Canada: Terra Nova – Newfound Land

Two days ago, I arrived in Terra Nova National Park. My cabin is lovely – but its location somewhat odd: The Trans Canada Highway that cuts right through the Park is so close that you can hear the cars; and right next to the cabin, a huge cell phone antenna mast has been installed recently which gives the retreat on a little hill and surrounded by trees a surreal character…

Cabin and neighbouring antenna mast

The good thing is that it is located in close neighbourhood to the Park’s headquarters where the rangers and researchers are based, including David Saunders, who has been assisting the artists in residence at Terra Nova for many years now. And he knows about the essentials! He provided a bike for me to use which is crucial as the distances even to the campground and the visitor center are not to be underestimated (which I actually did…). After taking me grocery shopping in his hometown Glovertown which is about 20 km away (and the closest town with a food store) he gave me a wonderful tour around the park areas accessible by car. We also went to Terra Nova town which was founded as a railway station. The complete Newfoundland railway system was closed down in the 1980s and the rails removed, but you can still see the trail where they were running.

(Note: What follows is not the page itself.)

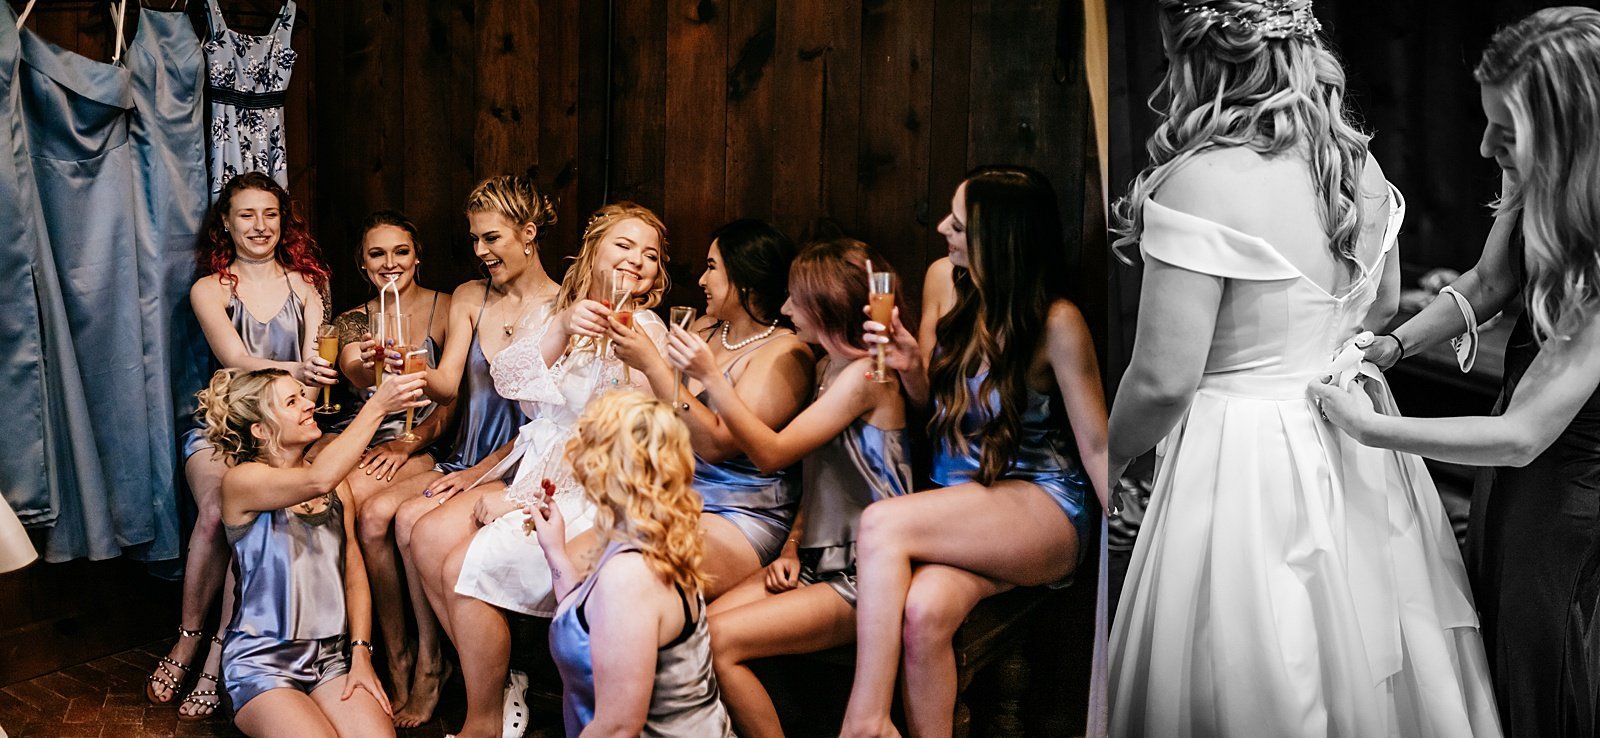  A bride and her bridesmaids celebrating before the ceremony by Minneapolis wedding photographer, McKenzie Berquam.  
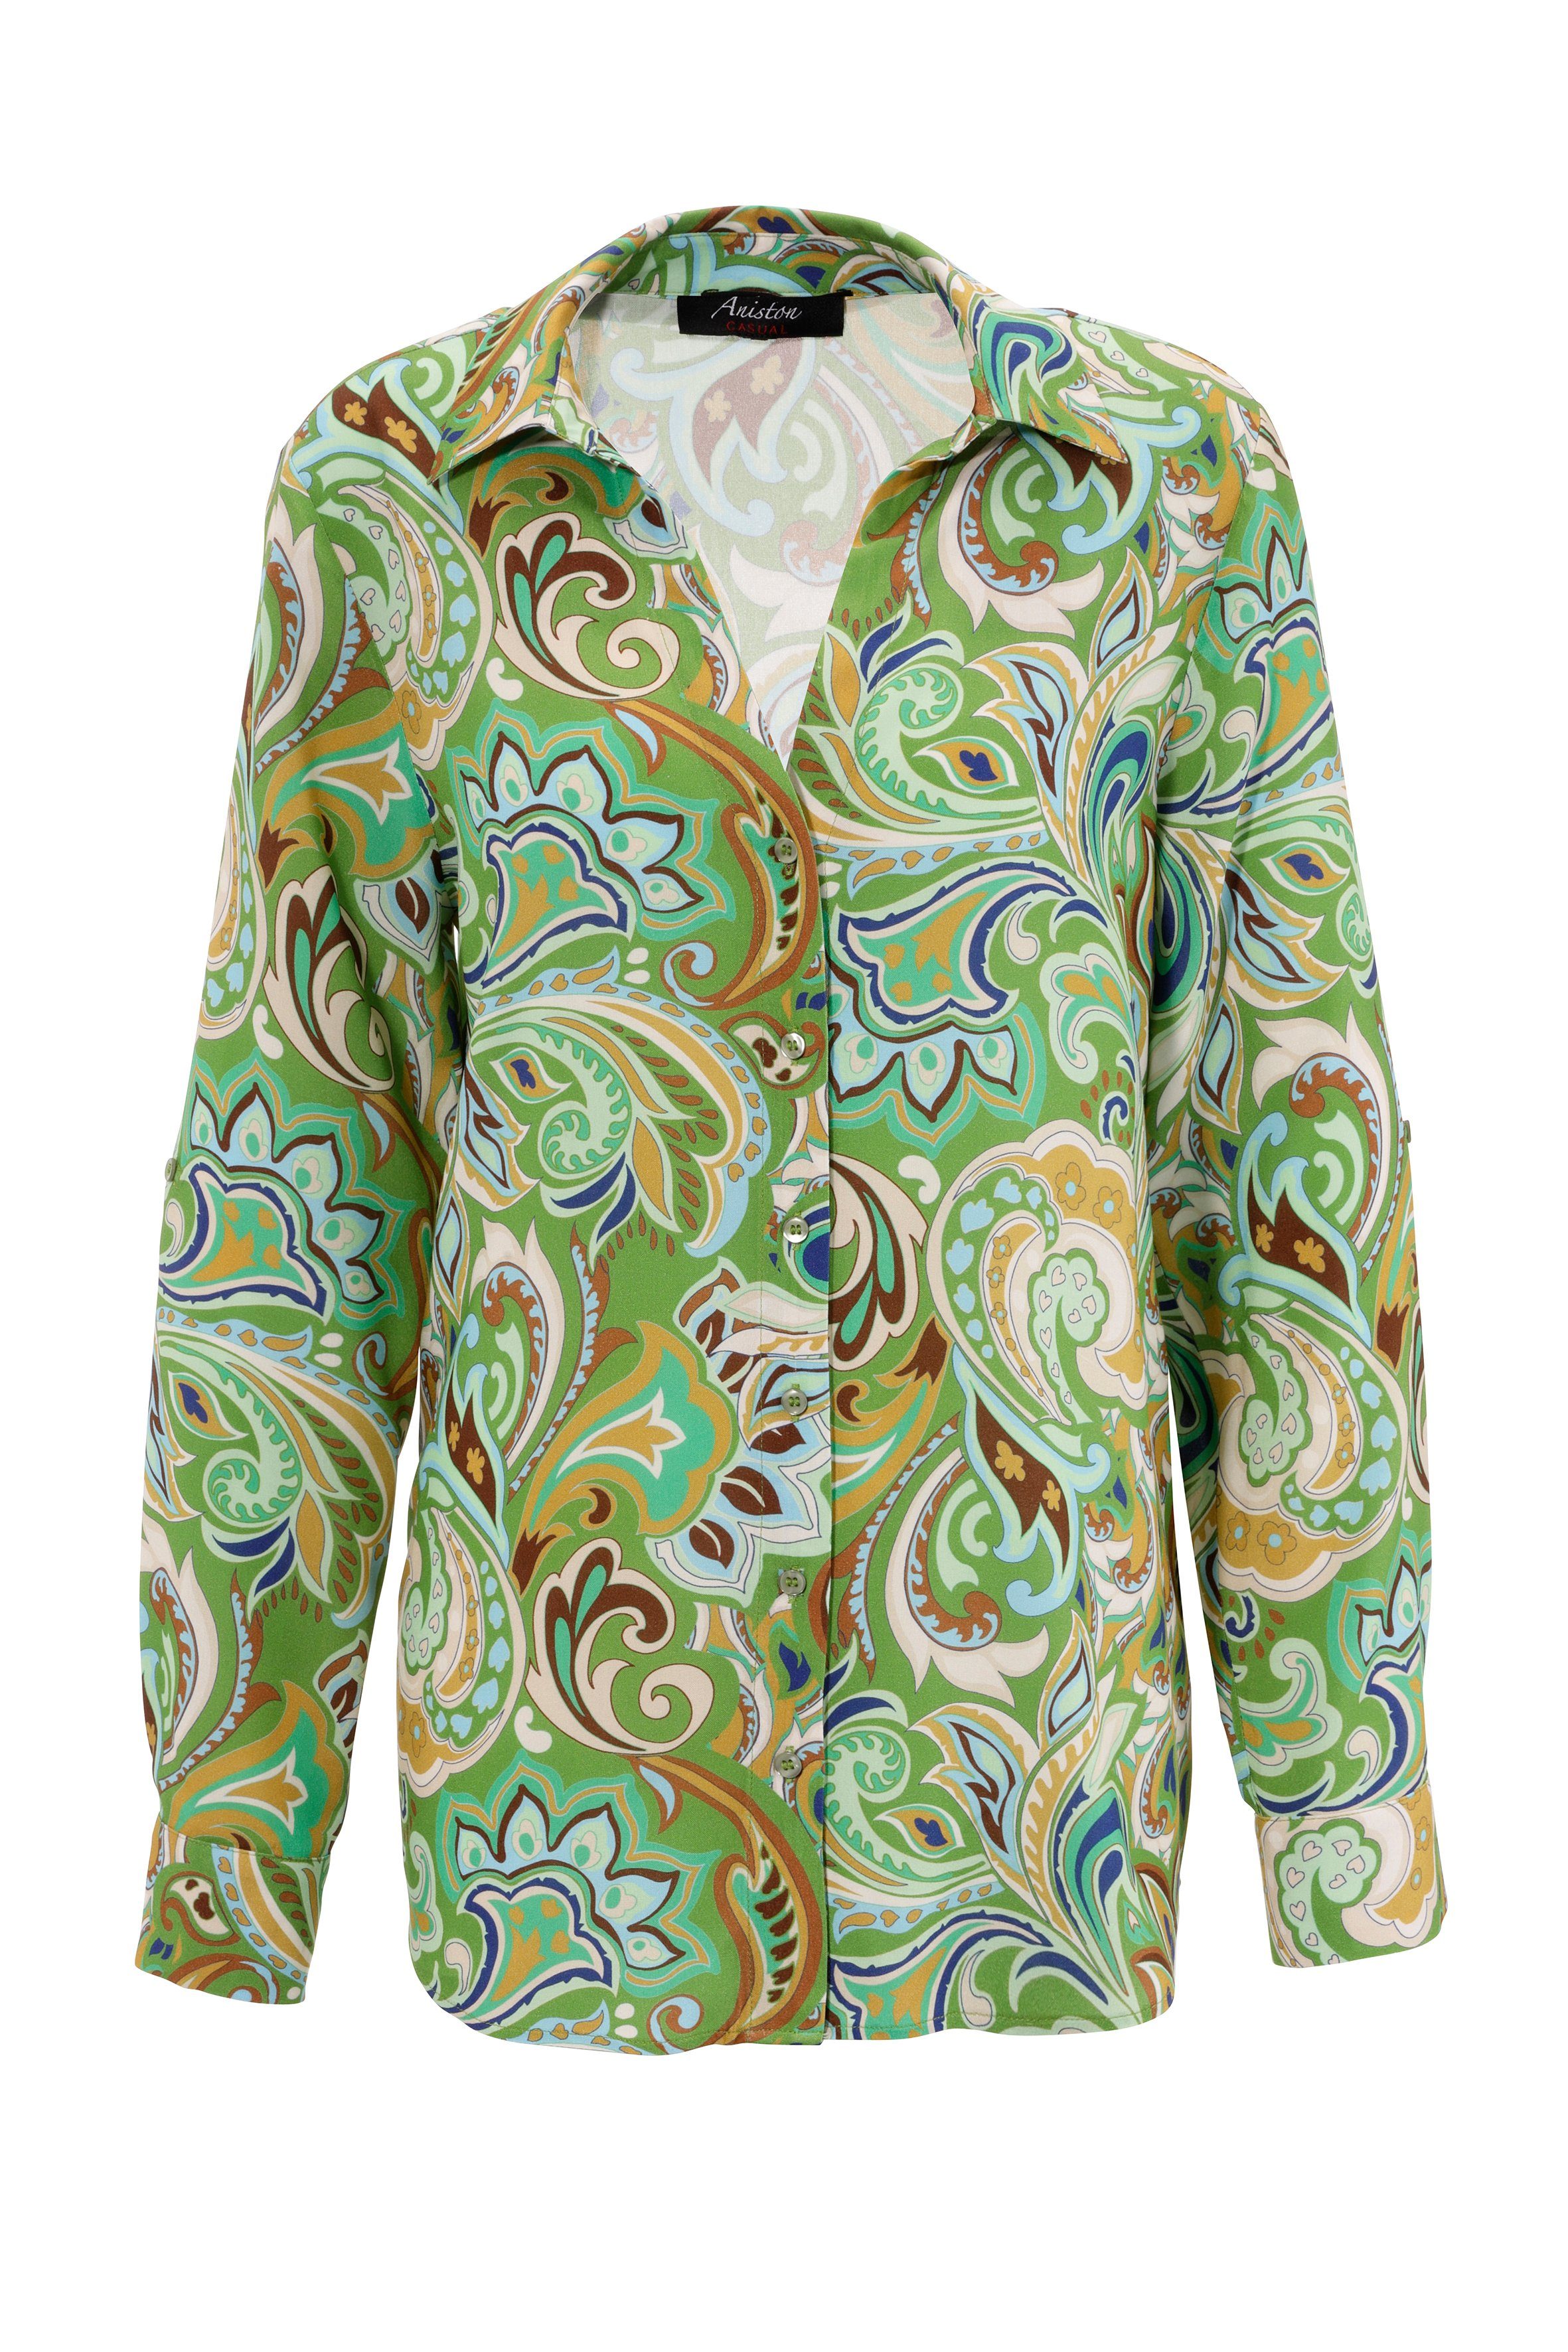 Unikat CASUAL graphische Aniston Paisley-Muster Teil Hemdbluse jedes - ein moosgrünsand-smaragd-royalblau-ocker-hellgrün-hellbeige-türkis-braun-sand-dunkelbraun

Old railway bridge and former railway track at the town of Terra Nova

In the evening he and his wife and son invited me for supper (sic.) in their cabin. We went there by boat – the only way to get there! The boat trip was absolutely amazing: peaceful inlets and sounds, beautiful coastlines with scattered cottages. We saw ospreys and bald eagles, and everybody agreed that it was the perfect evening…

View over Terra Nova Park from Blue Hill

Parks Canada owns another cabin in the Park: totally remote and about 30 km by boat towards the open ocean at Park Harbour – and I was offered to be dropped off there for a couple of nights… My heart starts beating faster by excitement just by thinking about it.

My work in the Park will be related to the discovery of and early Euro immigration to Newfoundland. The Center of Newfoundland Studies at Memorial University in St. John’s provided me with digitized versions of historic maps. In the Park, I want to shoot a video sequence coming in from the ocean by boat. Moreover, as I learned yesterday that David’s father grew up on Flat Island, a small island off the coast which had been settled by his ancestors more than 200 years ago, I would like to make an interview with him and possibly others from the family about their childhood on the island. Coming from Europe – the Old World – it is exciting to me that the history of Euro Newfoundland settlers – who have obviously shaped the present society – is alive today in the sense that there are desendants of the early immigrants around that can tell the story of their families right from their arrival in the New World onwards, as it was reported to them over the generations…

Newfoundland has preserved the spirit of the days of our planet’s exploration and discovery – it has remained Terra Nova, the New Found Land to the present day.

Map dated from 1602

Rona Rangsch / / Art, Residencies, Travelling / Permalink

About Rona Rangsch

Rona Rangsch studied physics at the Universities of Cologne and Saarbrücken where she graduated in 1996. After scientific research activities at several renowned institutions she made physics her hobby to start a carreer as a media artist. She was trained in multimedia design at ca-medien.colleg Essen and attended Kunstakademie Düsseldorf as a guest student. Rona was awarded a number of international residency and research grants. Besides exhibiting her own work in Germany and abroad she co-curates the exhibition and residency programs of Künstlerhaus Dortmund where she is a member since 2003. (www.rangsch.de)

One Response to Canada: Terra Nova – Newfound Land

  1. David says:

    Your blog stories, pics and descriptions are awesome, it makes our world sound so awesome. I think we can do Flat Island this week.